In its leading article the magazine gives three reasons why the glimmers of hope financial markets saw amid speculation that Europe’s leaders had been bullied by the rest of the world into at last putting together a “big plan” to save the single currency would likely fade.

First, for all the breathless headlines from the IMF/World Bank meetings in Washington, DC, Europe’s leaders are a long way from a deal on how to save the euro. The best that can be said is that they now have a plan to have a plan, probably by early November. Second, even if a catastrophe in Europe is avoided, the prospects for the world economy are darkening, as the rich world’s fiscal austerity intensifies and slowing emerging economies provide less of a cushion for global growth. Third, America’s politicians are, once again, threatening to wreck the recovery with irresponsible fiscal brinkmanship. Together, these developments point to a perilous period ahead.

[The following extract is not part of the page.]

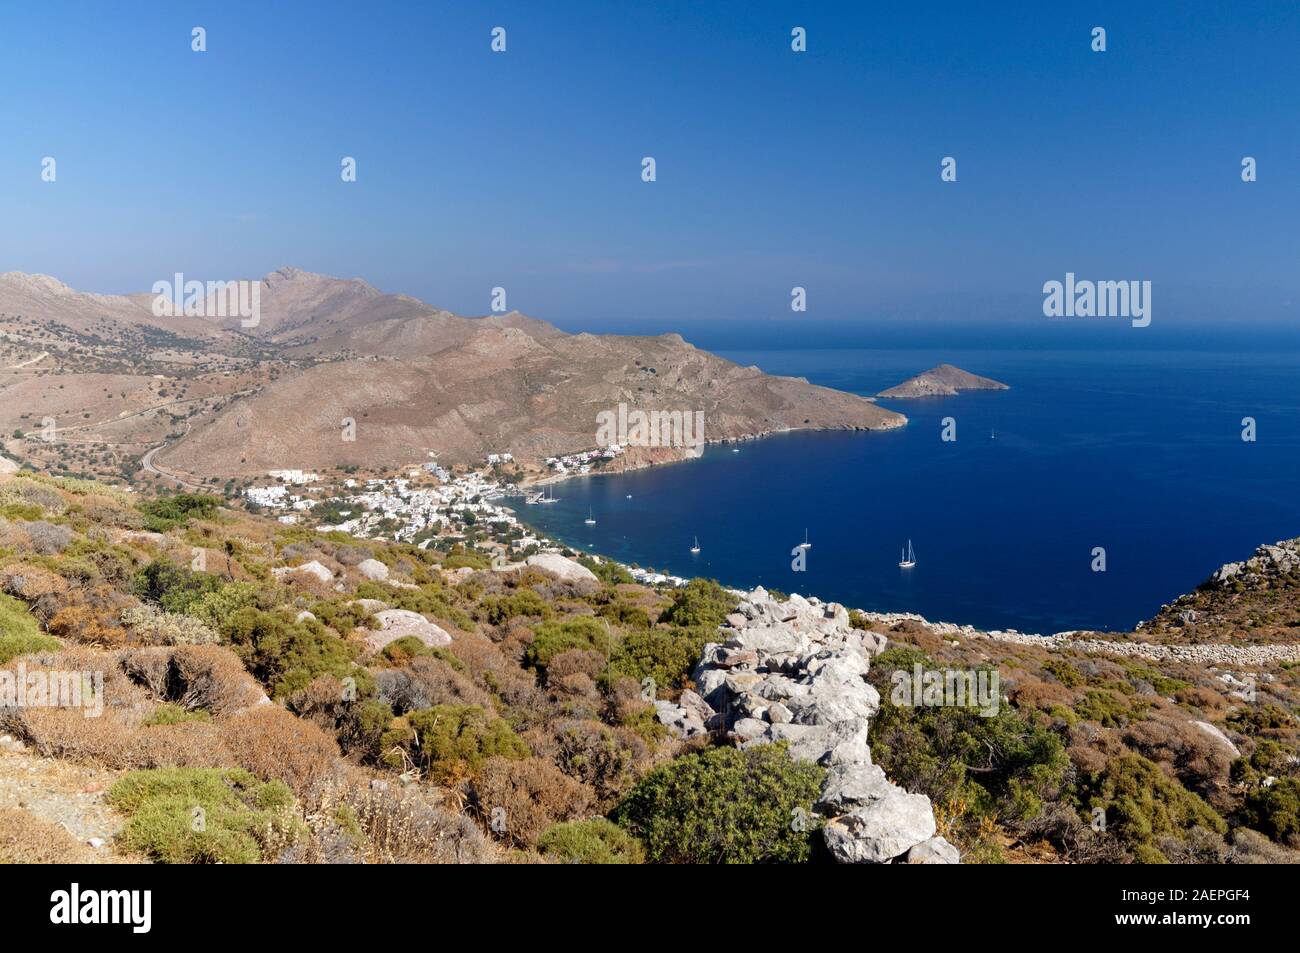 Vista de la bahía desde Vounos Livadia, tilos, islas del Dodecaneso, en el sur del Mar Egeo, en Grecia. Foto de stock

Wish it was here! Freddie Mac, the US mortgage maker, announced overnight that fixed mortgage rates fell to all-time record lows this week – 4.01% for a 30-year fixed-rate mortgage and 3.28 percent for a fixed 15 year loan. Want to take a risk on something flexible? Then how about paying 2.83 percent for a 1-year Treasury-indexed hybrid adjustable-rate mortgage?

Going faster in Britain. As figures from Queensland police suggest that a speed camera site south of Brisbane has raised a whopping $5 million, and likely much more, in just two months, motorists might wish that their government follows the British example where the speed limit on major highways is to be increased from 70mph (112.7kmh) to 80mph (128.7kmh).

Taxing fat in Denmark. The day of the fat tax has arrived. From tomorrow Danes will pay a tax on saturated fat charged at the rate of DKK 16 per kg saturated fat on domestic and imported food. The tax will apply to meat, including chicken and pork, as well as to cheese, butter, edible oils, margarine, spreadable products and other food such as snack products. Products with saturated fat content at or below 2.3% will not be included.